The typical homeowner in 2019 remained in their house for 13 years, up from eight years in 2010. Residents of Salt Lake City have the longest occupancy of any market, with owners staying put for 23.4 years.

Metro areas in Texas accounted for the next five areas where homeowners had the longest habitation periods. Houston, Fort Worth, San Antonio, Dallas and Austin had median home tenures between 18.4 and 23.2 years. Some of that can be attributed to senior citizens in the Lone Star State having the ability to defer property taxes until selling their home.

"In Dallas, there are many neighborhoods that were built in the 1950s and 1960s where most of today's residents are still the original homeowners," local Redfin agent Christopher Dillard said in a press release. "Because prices have been going up, and folks are gaining more and more equity, it's hard to justify selling when there aren't many if any affordable options."

While the years spent in one house increased over the last decade, this phenomenon is nothing new. Baby boomers made their intention to age in place clear. Those intentions have the double-edged sword of reducing the amount of properties for sale, which in turn causes prices to rise. Older borrowers remaining in their homes keeps about 15% of houses off the market. Some of these potential sellers are stuck in a vicious cycle.

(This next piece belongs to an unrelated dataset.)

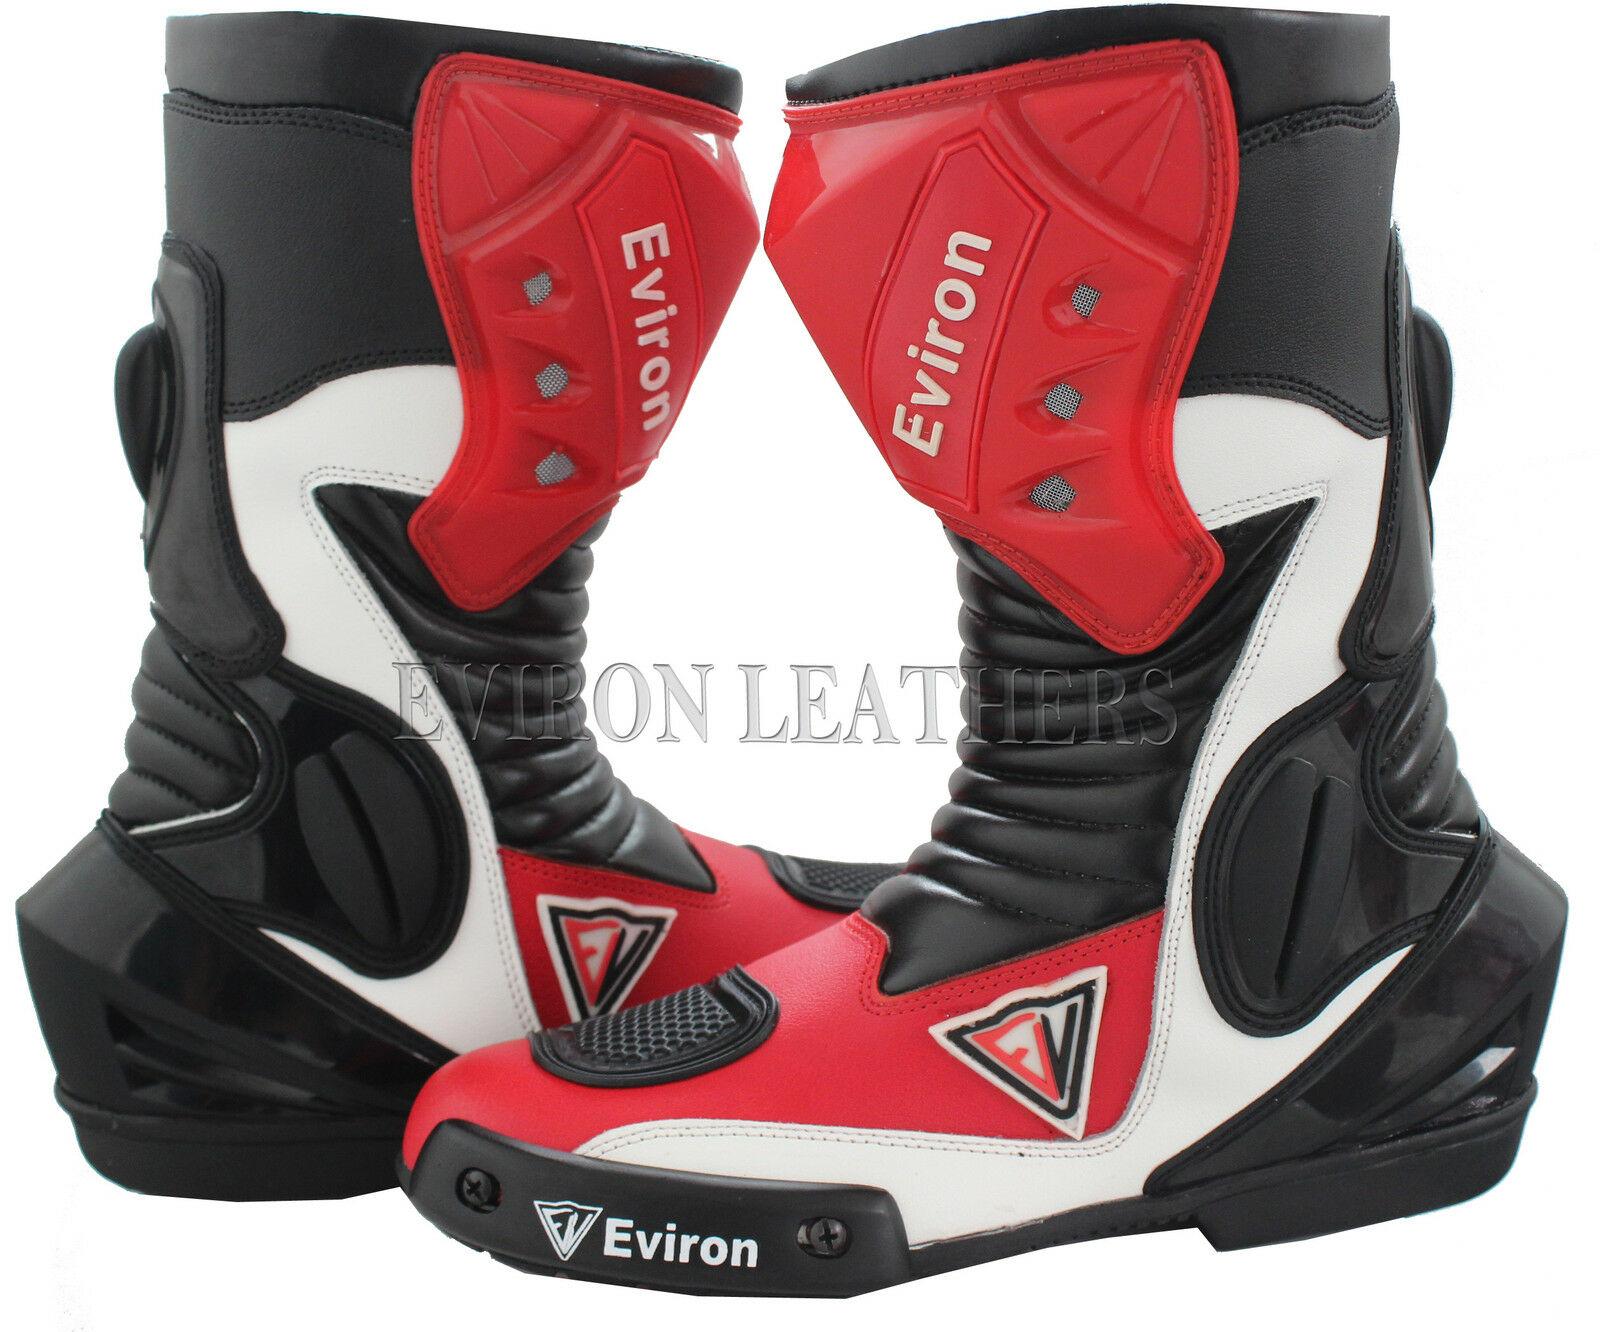 50% off Ducati Boots

"I have a client right now in West Valley who wants to move into the city in a more walkable, higher-priced neighborhood," said Salt Lake City Redfin agent Daniel Lopez. "They would need to sell to buy, but are worried about making a competitive offer when they still need to sell their current home. I rarely see offers with home sale contingencies accepted in Salt Lake City because the market is competitive."